Observa, en primer lugar, velozmente y de rostro en rostro, las diferentes escalas de compunción que ofrecen los anfitriones. Intenta detectar otra característica libanesa, propia de los funerales de élite, el mal disimulado rechazo a la efusividad de los extraños, ese apenas encubierto desdén hacia las emociones de los inferiores, un menosprecio que imperceptiblemente hace encajar mandíbulas. La rigidez sólo se rompe cuando el que abraza o besuquea es alguien a quien se considera un igual, o alguien que es más y al que se deben favores, o que puede ser fuente de mercedes. Una mano que aprieta los párpados, tomada por un intento de alivio de la pena insoportable, oculta, a menudo, algo más simple: agotamiento, irritación, fastidio.
La mirada de la periodista se detiene en Cora Asmar, y casi emite un silbido de admiración. Sostenida -¿o aprisionada?- por las mujeres del clan, la joven se acopla en su atavío a una viuda de película de Hollywood de los años cincuenta. Traje de chaqueta negro y ceñido, abotonado hasta el cuello, y la roja melena -de un rojo que disolvería cualquier luto- convenientemente enfundada en un casquete de terciopelo negro, del que surge un corto velo de tul. Tras la telilla, los ojos de felino hambriento parecen insondables; la boca carnosa, al aire y sin pintar, se cierra con determinación.
Ya segura de sí misma, tras recuperar el equilibrio, la ex reportera se acerca a la viuda con la intención de abrazarla tal como las circunstancias requieren y preguntándose si, en esta ocasión, la otra le frotará el vientre con su felpudo.

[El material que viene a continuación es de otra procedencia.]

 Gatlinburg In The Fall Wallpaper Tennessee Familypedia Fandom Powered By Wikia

Cora atiende los pésames como una sonámbula, sin moverse, rígida, indiferente a los brazos de las tres mujeres Ghorayeb -la matriarca, Yumana y dos nueras- que la cercan, sujetan y encarcelan, de eso ya no le cabe a Diana la menor duda cuando se acerca. Las tres damas emiten señales de haber sido gravemente ofendidas, pero la ex reportera no puede asegurar que la muerte de Tony sea la causa de este obvio resentimiento, al que el infame trío de labios inflados de colágeno despoja de toda autoridad. Dos generaciones, Yumana, de setenta y muchos años, con su aspecto de sapo anoréxico, y las cuarentonas Aliñe y Sylvie, unidas por lazos de sangre y por la voluntad de un mismo cirujano en el limbo de las recauchutadas.

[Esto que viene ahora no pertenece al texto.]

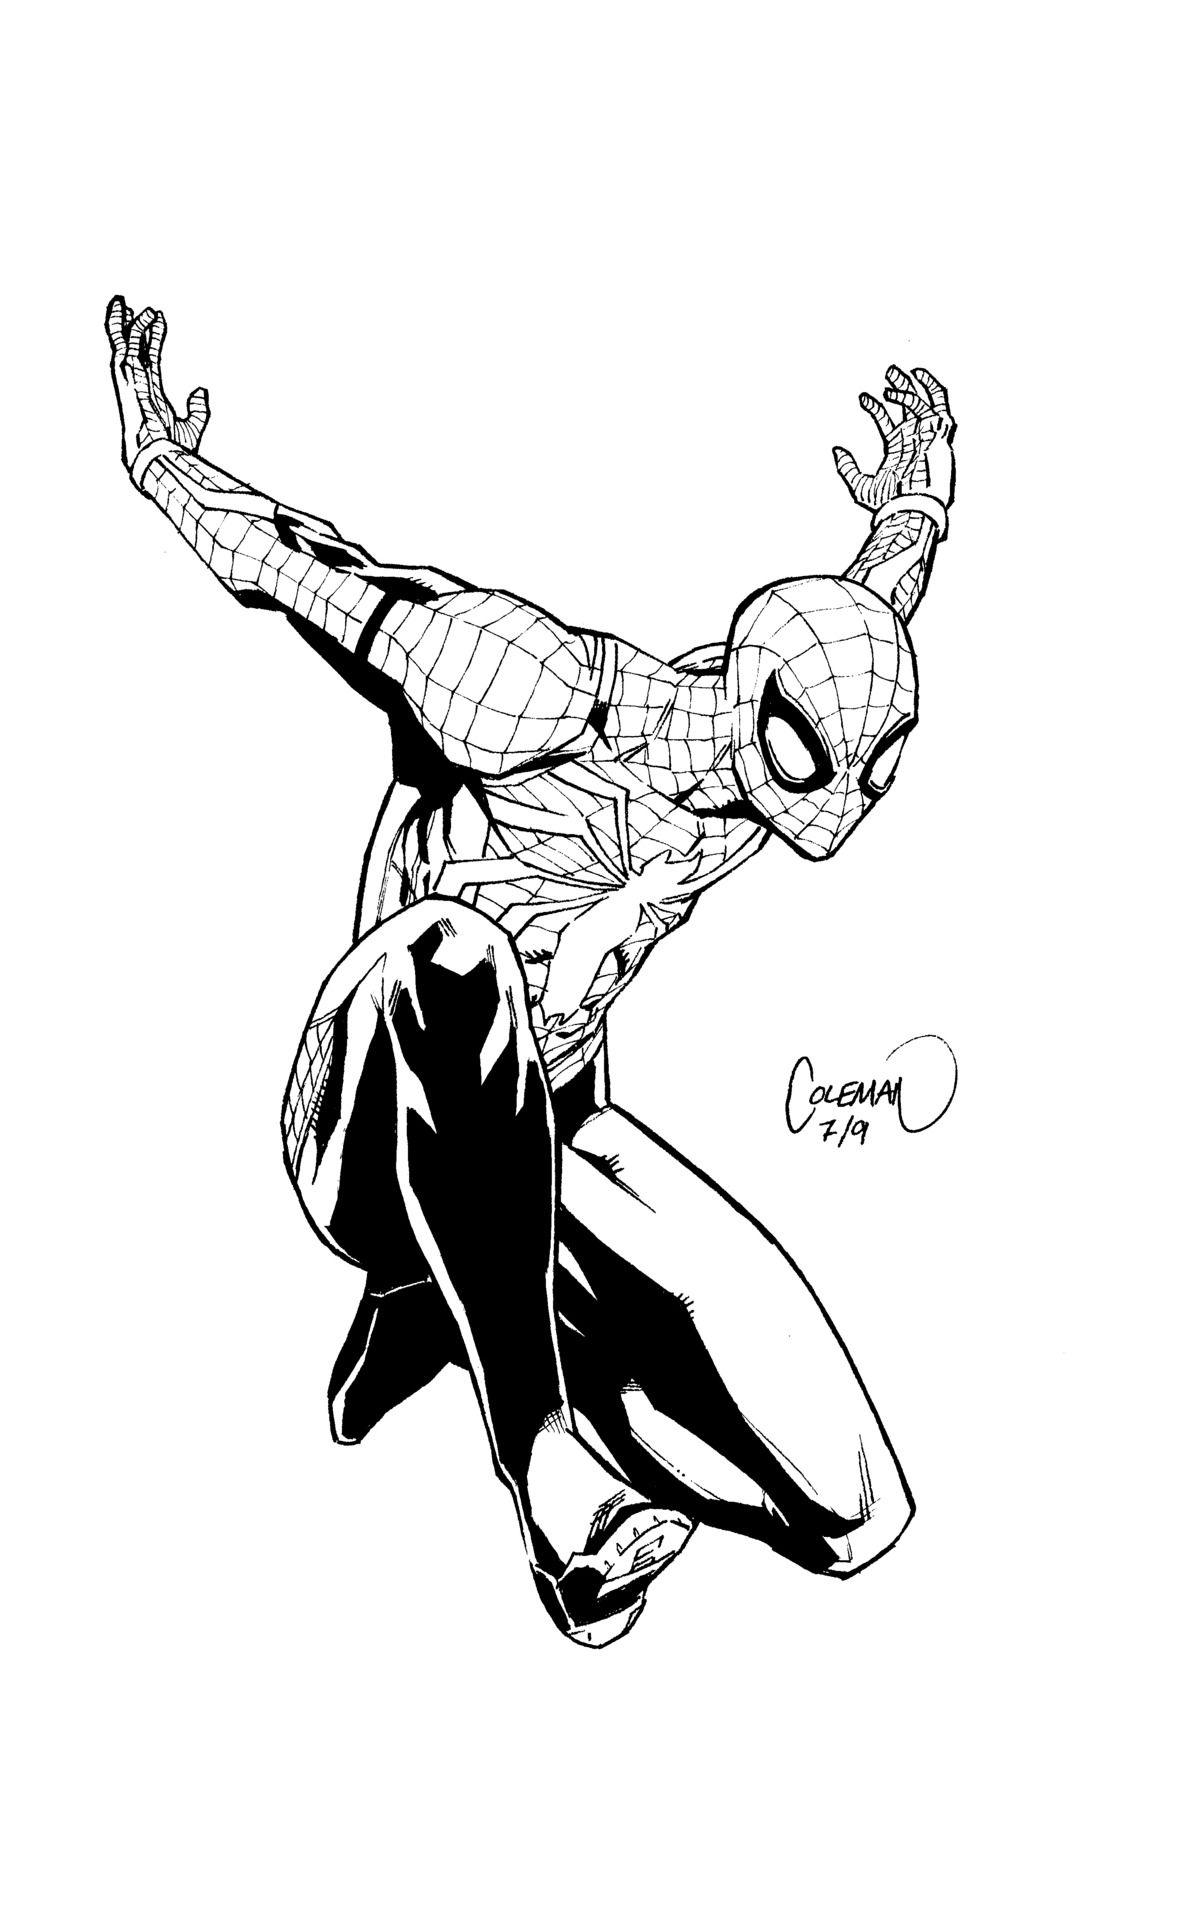 Ruairicoleman Spider Man Ps4 Warm Up Sketch Spiderman Marvel Comics Artists Spiderman Ps4

Cenicienta Cora produce entonces un quejido y un movimiento extraños. Dial cree que va a desmayarse, y se sorprende rogándole en silencio que no lo haga, que se mantenga firme. Aguanta, chica, esas zorras no te merecen. Ah, no, respira Diana de inmediato, no es un desvanecimiento, sino un pequeño retroceso que le sirve a la viuda para tomar impulso, forcejear corto y rápido con las otras, zafarse de su triple abrazo como una criatura arrancada por fórceps de un seno tóxico. Se adelanta Cora hacia ella, se encoge para facilitar el abrazo, y Dial la siente desvalida y huérfana.
La viuda se aparta, y se levanta el velo. Sus ojos secos se clavan en Diana con desesperación.
Los asistentes de las primeras filas dejan de murmurar y lloriquear, y su silencio se contagia como un rumor o como una calumnia a los espectadores -¿qué otra cosa son?- de atrás, y poco a poco el silencio y el rumor y tal vez la calumnia llegan a la plaza, en donde la gente también enmudece.
Pero Cora no ha hecho nada indecoroso, nada que la tradición maronita pueda reprochar. Se ha levantado el velo, cierto, y ha musitado algo, algo que sólo Diana ha podido entender.
– Ayúdame -ha dicho en castellano, apenas un susurro-. No me dejes.
Vuelve a poner el velo en su sitio y recupera su lugar de presa en la planta femenina carnívora.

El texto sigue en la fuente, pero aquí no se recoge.